Find "Curtains made of" below and begin at its line; stop after the line with "Lil' Kim and". Output those lines exactly, without pictures.

**Raw data:**
= Beginning of Section =

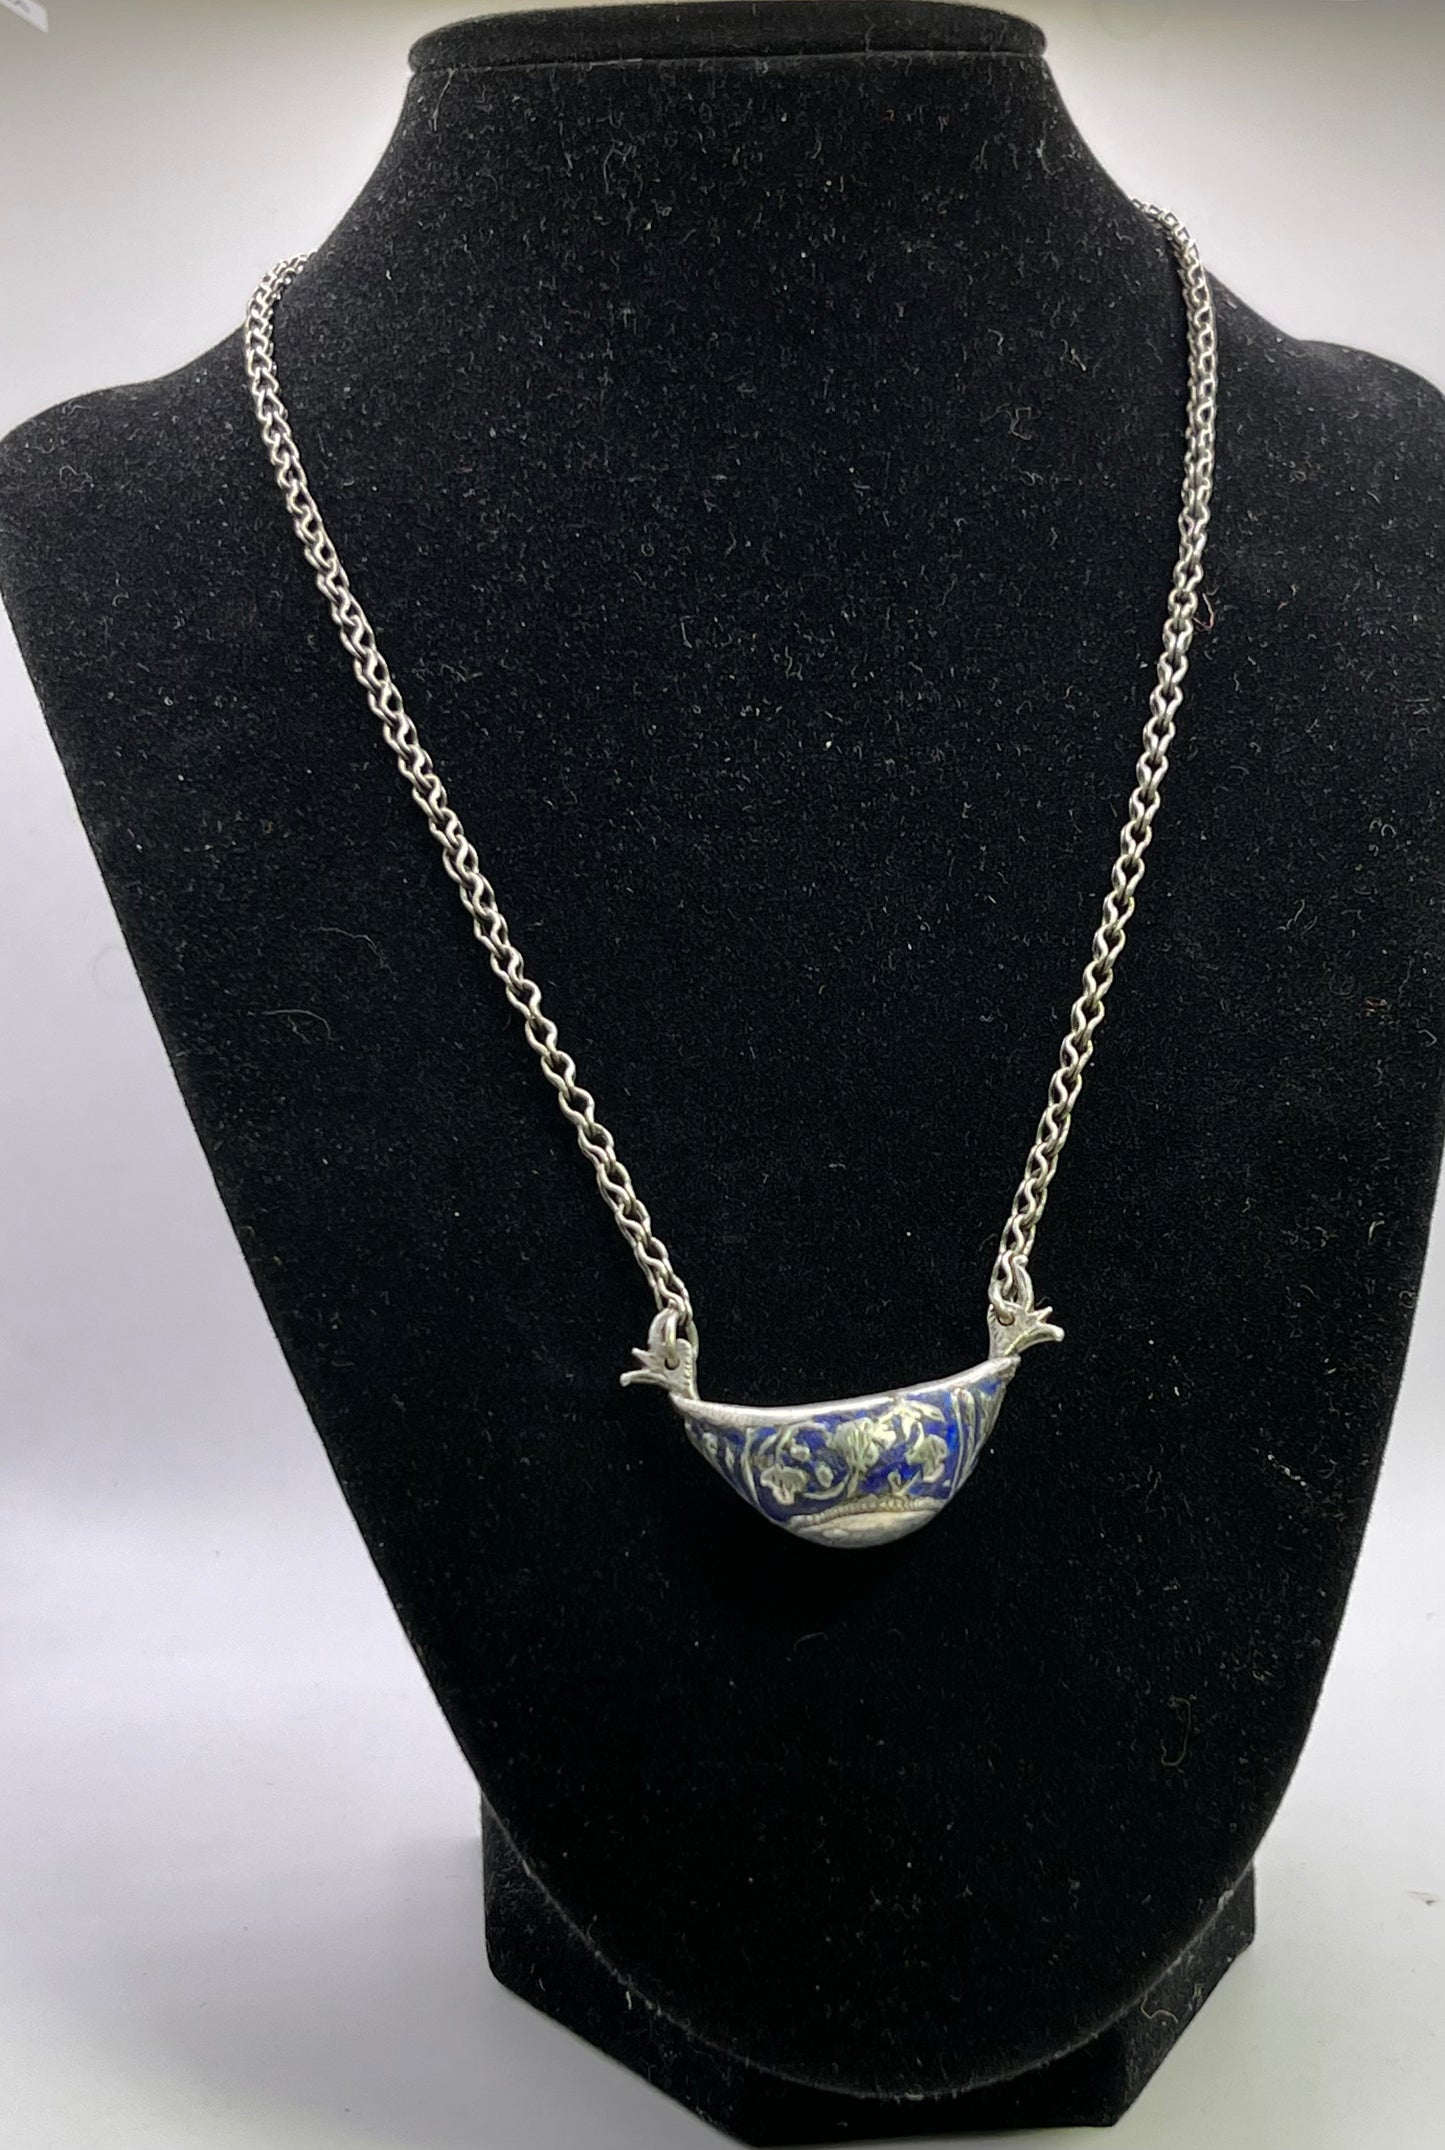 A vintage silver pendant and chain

= End of Section =
= Beginning of Section =

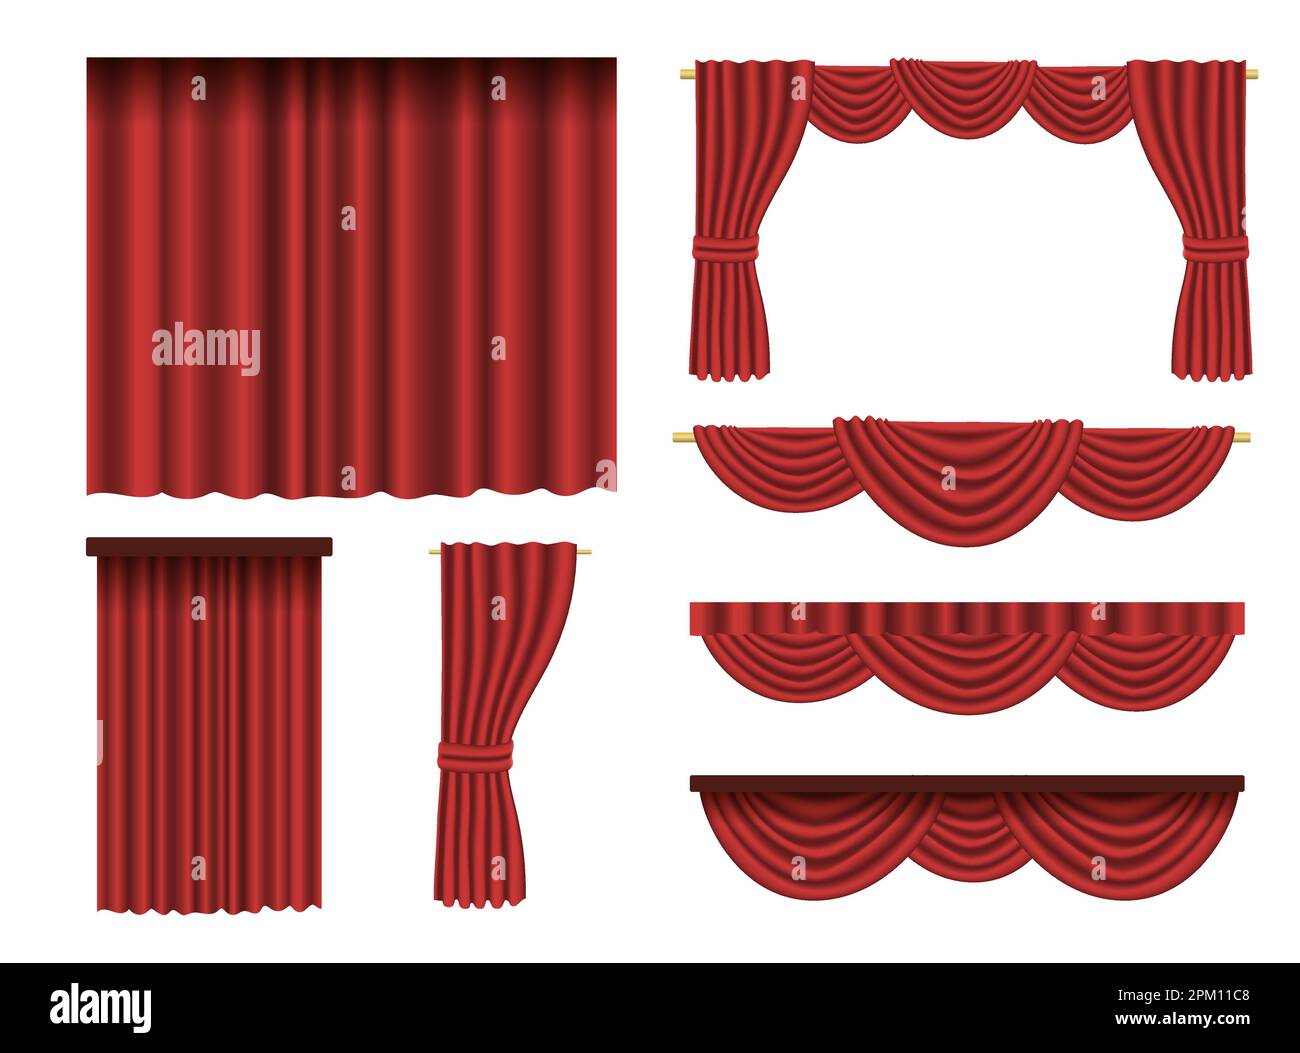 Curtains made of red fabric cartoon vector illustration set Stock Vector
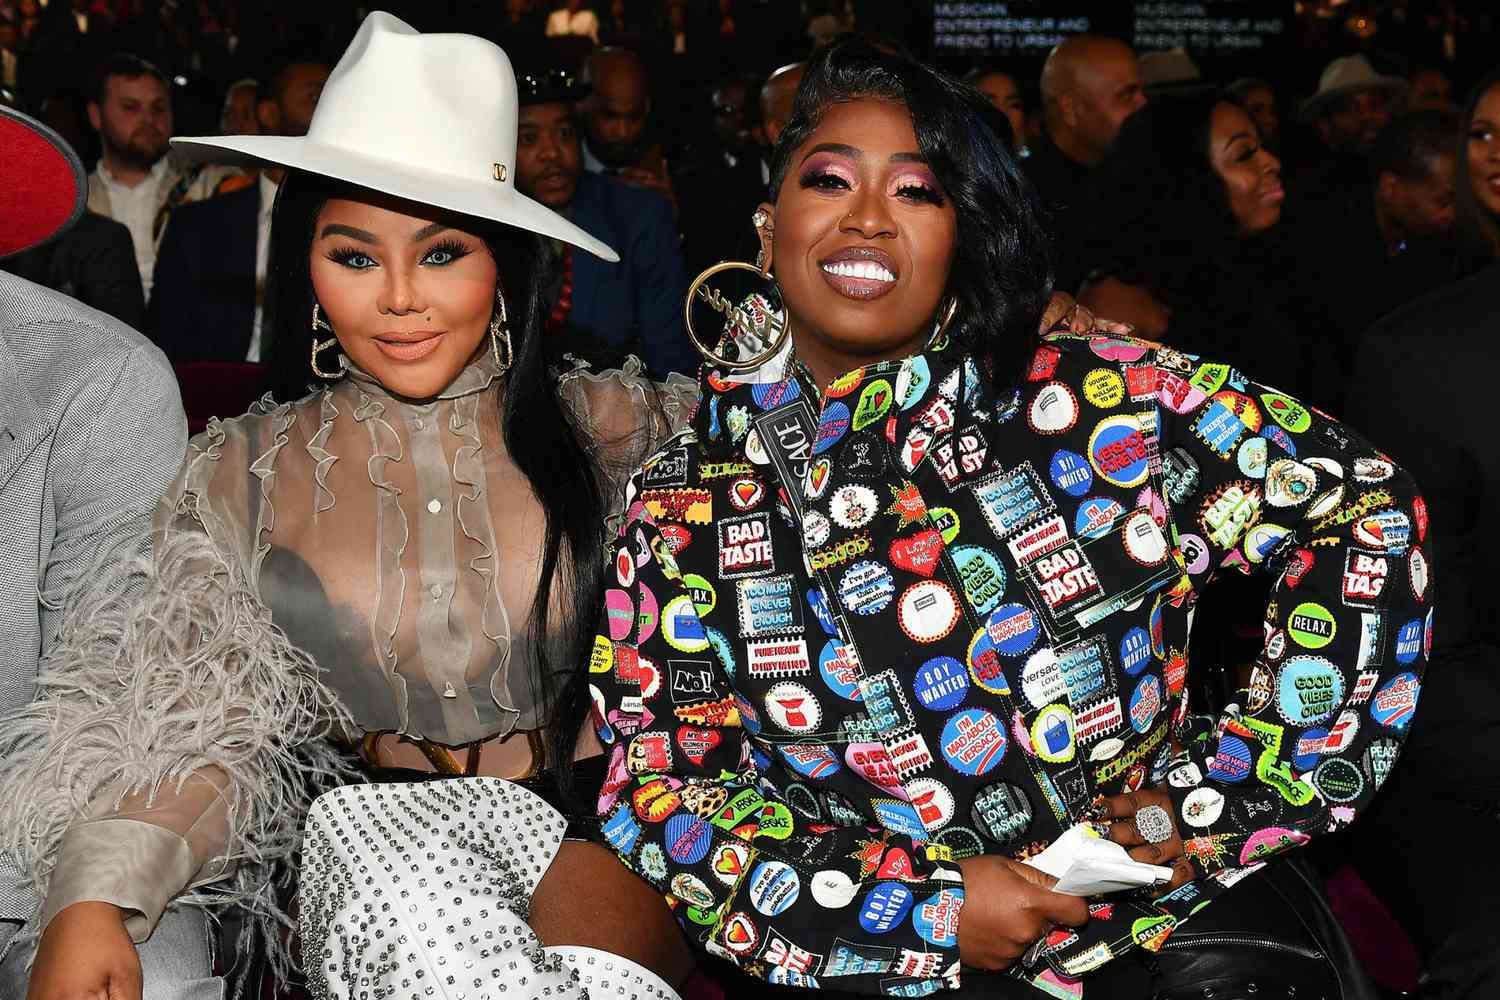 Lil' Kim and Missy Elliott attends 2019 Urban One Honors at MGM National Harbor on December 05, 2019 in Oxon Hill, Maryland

= End of Section =
= Beginning of Section =

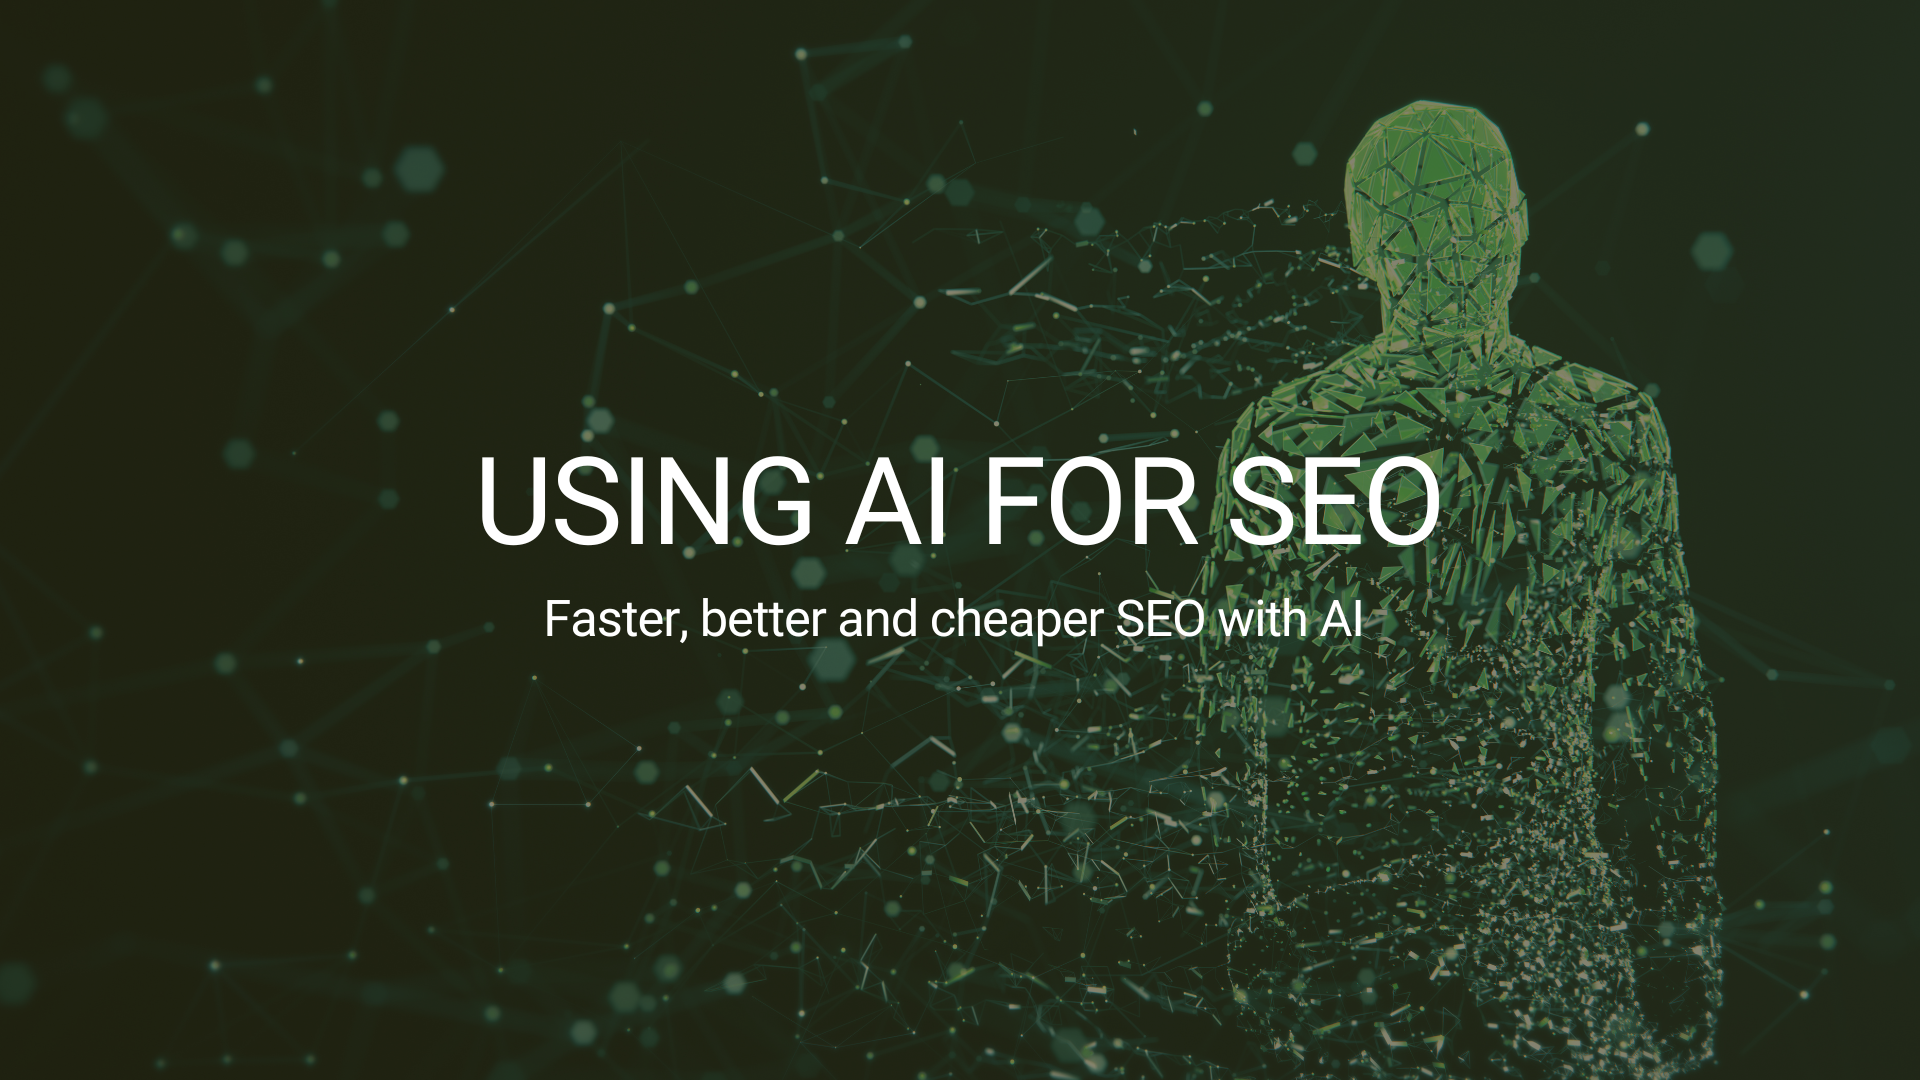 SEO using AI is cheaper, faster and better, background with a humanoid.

= End of Section =

**Answer to the problem:**
 Curtains made of red fabric cartoon vector illustration set Stock Vector
 Lil' Kim and Missy Elliott attends 2019 Urban One Honors at MGM National Harbor on December 05, 2019 in Oxon Hill, Maryland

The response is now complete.